David Fincher's Photographic "Pop" Masterpiece with Rooney Mara
Hot off the success of the Social Network, David Fincher has given us another masterpiece of a film that is surely to be overlooked this year by the academy. But what is it that clearly makes this film stand out above the Swedish film and the book? How is it better then any other movie I have seen this year? There are three traits this film has that positions it as a modern day masterpiece. First, the clear self-awareness of its “pop” gives Fincher a sweeping sense of clarity to continuously stitch scene to scene, and photograph to photograph. Through this acquired perception, Fincher is given domain over the content of the story itself. I have seen the Swedish film, and though I have not read the book, it is to my understanding that the actual mystery of the narrative is rather tame and redundant. The average American household is primed with these kinds of investigative thrillers every night. Without Noomi Rapace’s performance as Lisbeth Salander , the Swedish film falls into the same course of the CSI and Law and Order franchises. This is where Fincher’s adaptation exceeds the source material’s flaws, by exteriorizing the mystery and attentively exposing the dangerous uses and misuses of the acts in research itself. This has been brought forward already by other various critics and most notably by Ignatiy Vishnevestky’s essay, In the Process of Investigation: David Fincher and The Girl with the Dragon Tattoo.Vishnevestky’s states, “ The Girl with the Dragon Tattoo, would sound more like a surveillance transcript than a thriller if it were broken down scene by scene.”
This ultimately leads into the films secondary trait that deducts the analysis of investigation further into the medium of photography. Throughout the film there is an uninterrupted grind between two different functions photography places on the narrative of this feature. Within the film’s cold natured content, the mystery is driven directly by surveillance and snapshots. Not only is Lisbeth most-prone to documentation and setting up small spy-camera contraptions (one circumstance where the lens truly liberates her after a most horrid scene); she also already lives in a voyeuristic role watching her hacked victims through the transparent interface of her laptop. As she patrols the digital network, her counterpart, Daniel Craig’s Mikael Blomkist is introduced to an older, much familiar system of documents, strolling through binders of negatives, albums of snapshots, each date, figure, blur, camera angle pointing towards the eventual killer. In the way finger-prints on a gun would suggest the suspect who held the murder weapon, Fincher accentuates the photograph as the leading piece of evidence, increasing our anxiety on the objectiveness of photography and its transcendent capabilities.

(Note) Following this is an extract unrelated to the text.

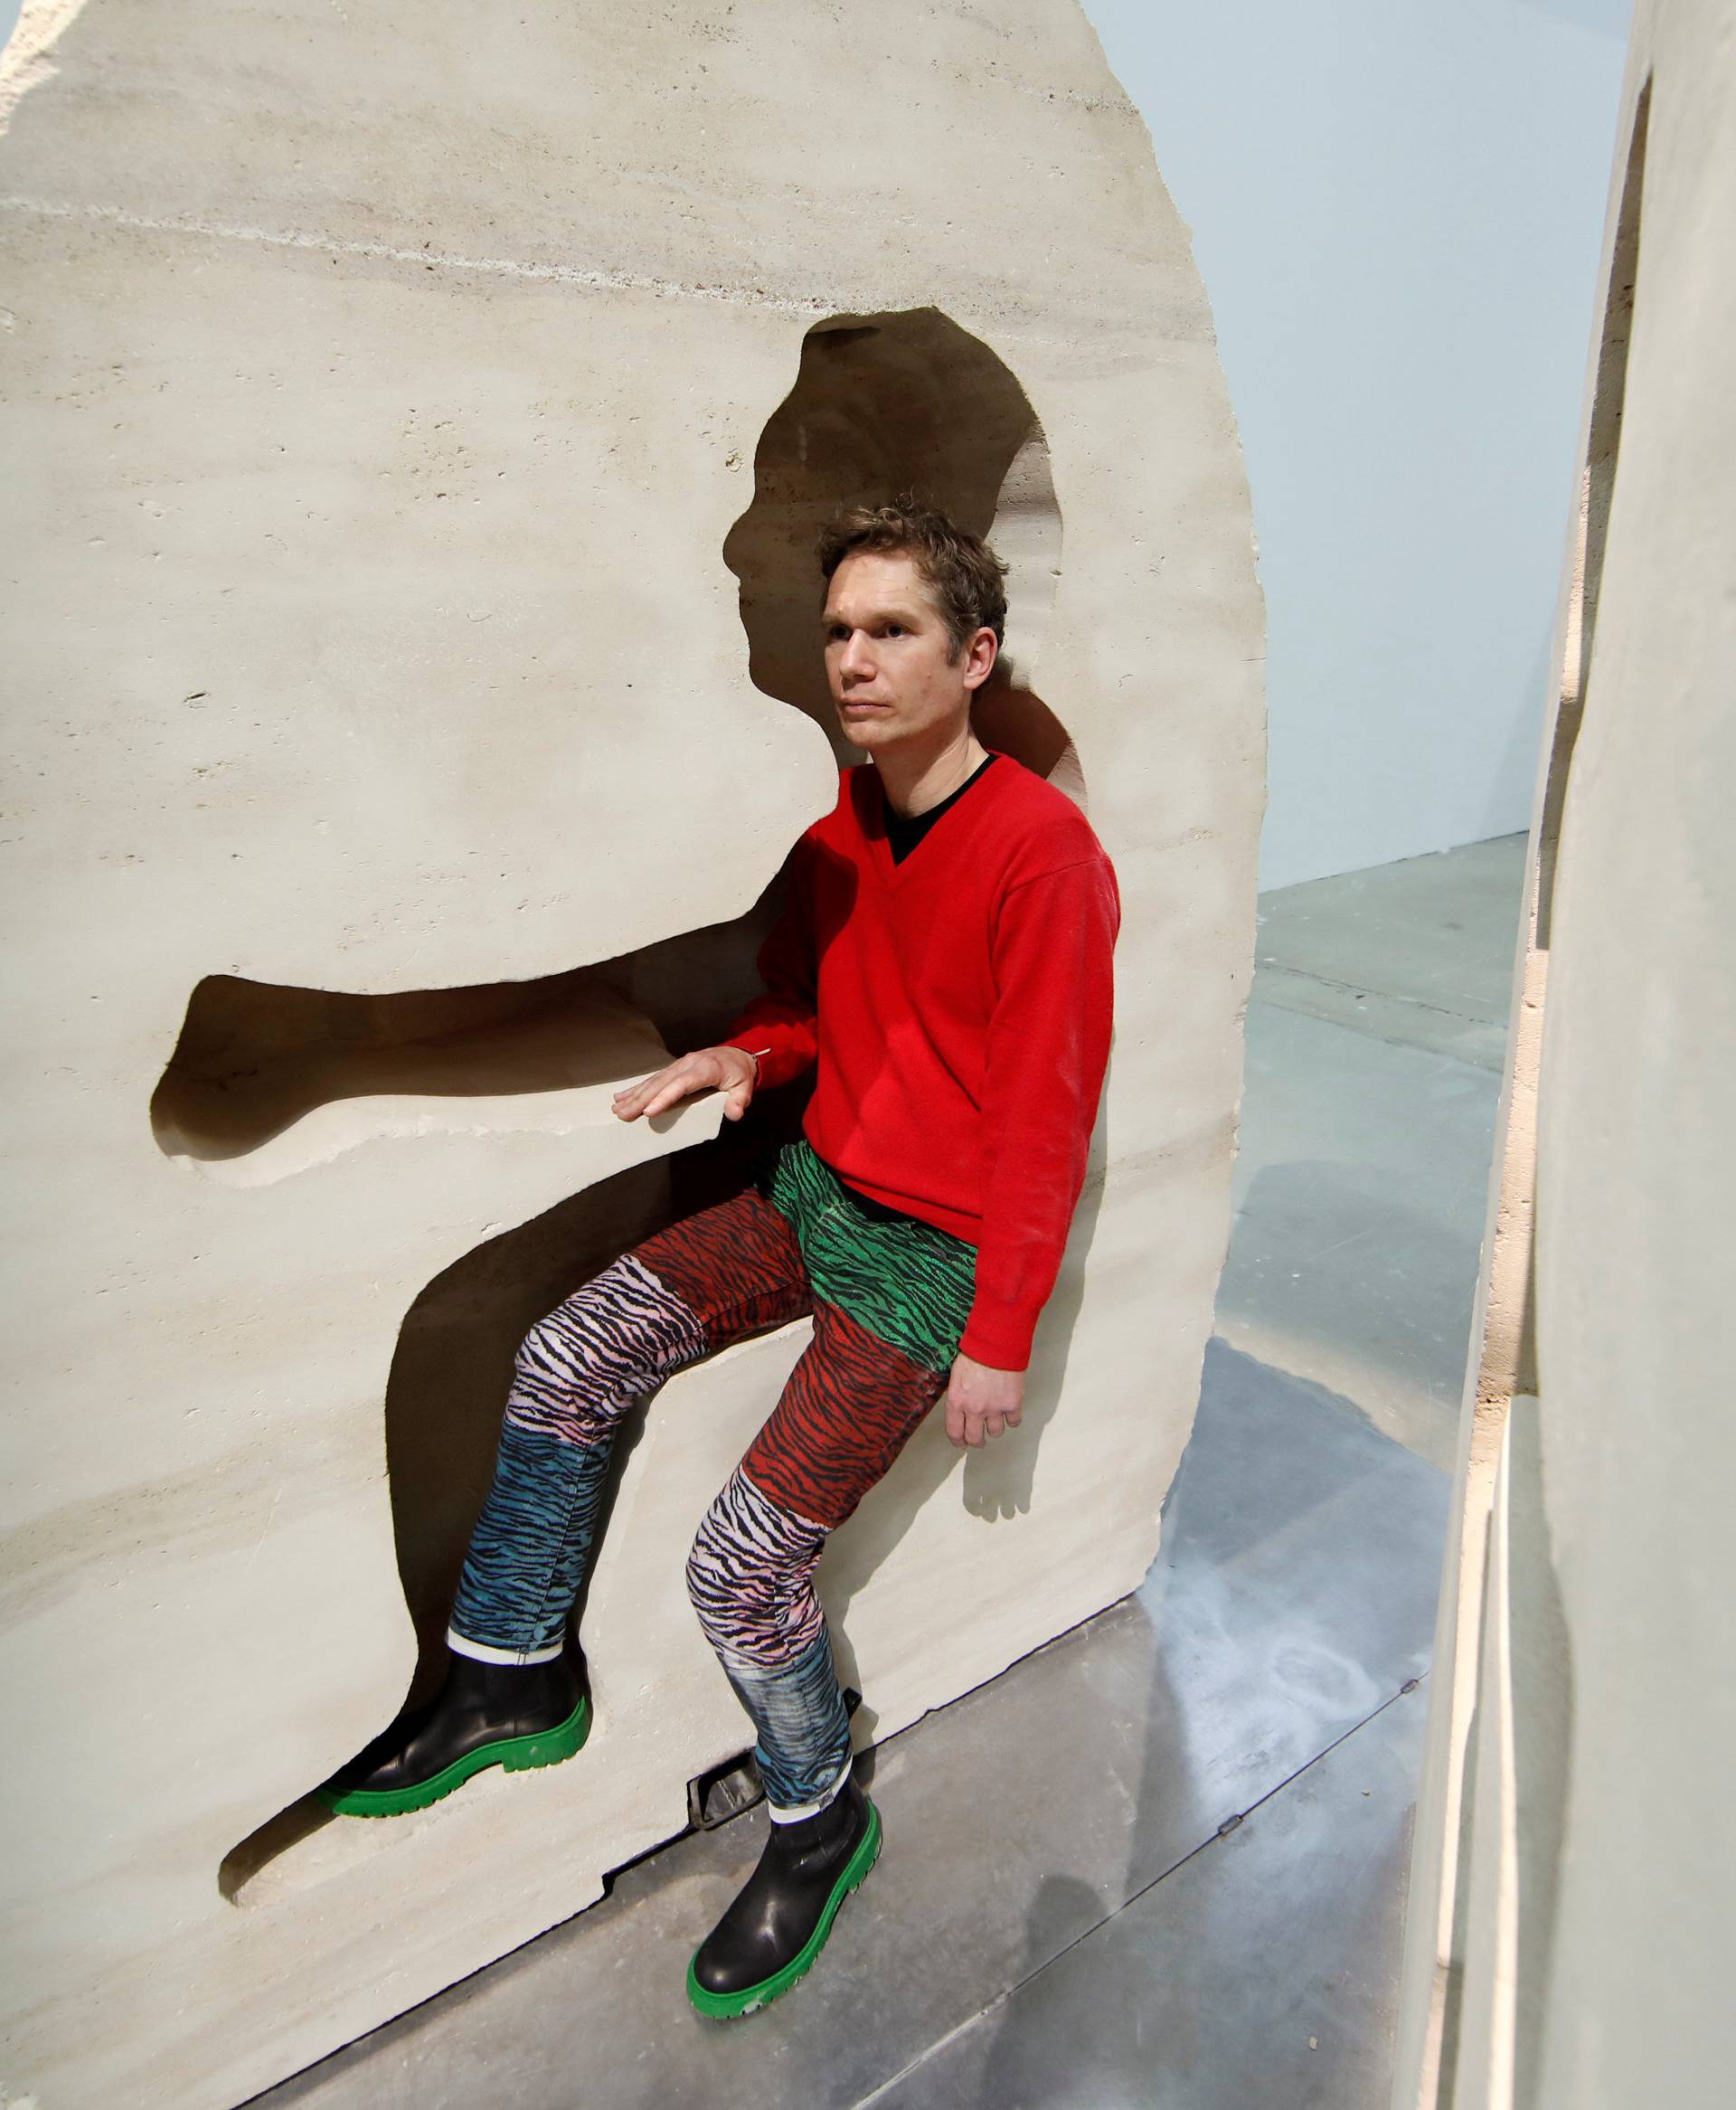 French artist Abraham Poincheval poses inside his artwork Pierre ("Stone") in Paris

Now the final attribute, which encompasses the other two deliberately and detaches the film from any other this year, is the role of Rooney Mara.
Mara has an assortment of responsibilities here. The two most important ones being, selling herself as the character of Lisbeth Salander while simultaneously posing herself as David Fincher’s meticulous distraction. Media scholar Marshall McLuhan once described the “content” of a medium as a juicy piece of meat carried by the burglar to distract the watchdog of the mind. Comparing Mara’s Salander to a “juicy piece of meat” within the context of the actual story has its withdrawals and is actually quite appalling; however from an outlying perspective on Fincher’s directorial process, she fits this role seamlessly, racing through the dullness of the mystery itself, decisively expanding into the more thematic appendages of the feature. As Blomkvist was the model for author Stieg Larsson, Mara’s Salander is the imprint of director David Fincher. The painstaking precision of both Fincher and Mara’s Salander gives us the only subjective read throughout the whole method of researching and adapting.
In this circumstance of “pop”, we must begin to question the intentions of a director adapting a sub par book to benefit his own style and experience, ultimately exalting a more viable piece of Art. Minimizing the story’s purpose to intellectualize the audience’s understanding of the camera, both on screen and beyond, heightens the prospect of awareness but can also disrupt cathartic measurements.
The Girl with the Dragon Tattoo transcends this dichotomy due to Fincher’s appreciation of adaptation. Into the shroud coldness of the medium that is photography, ascends Rooney Mara’s portrayal of Lisbeth Salander; both Fincher’s memorial to the late Stieg Larsson, and his Christmas present to us cinema-goers.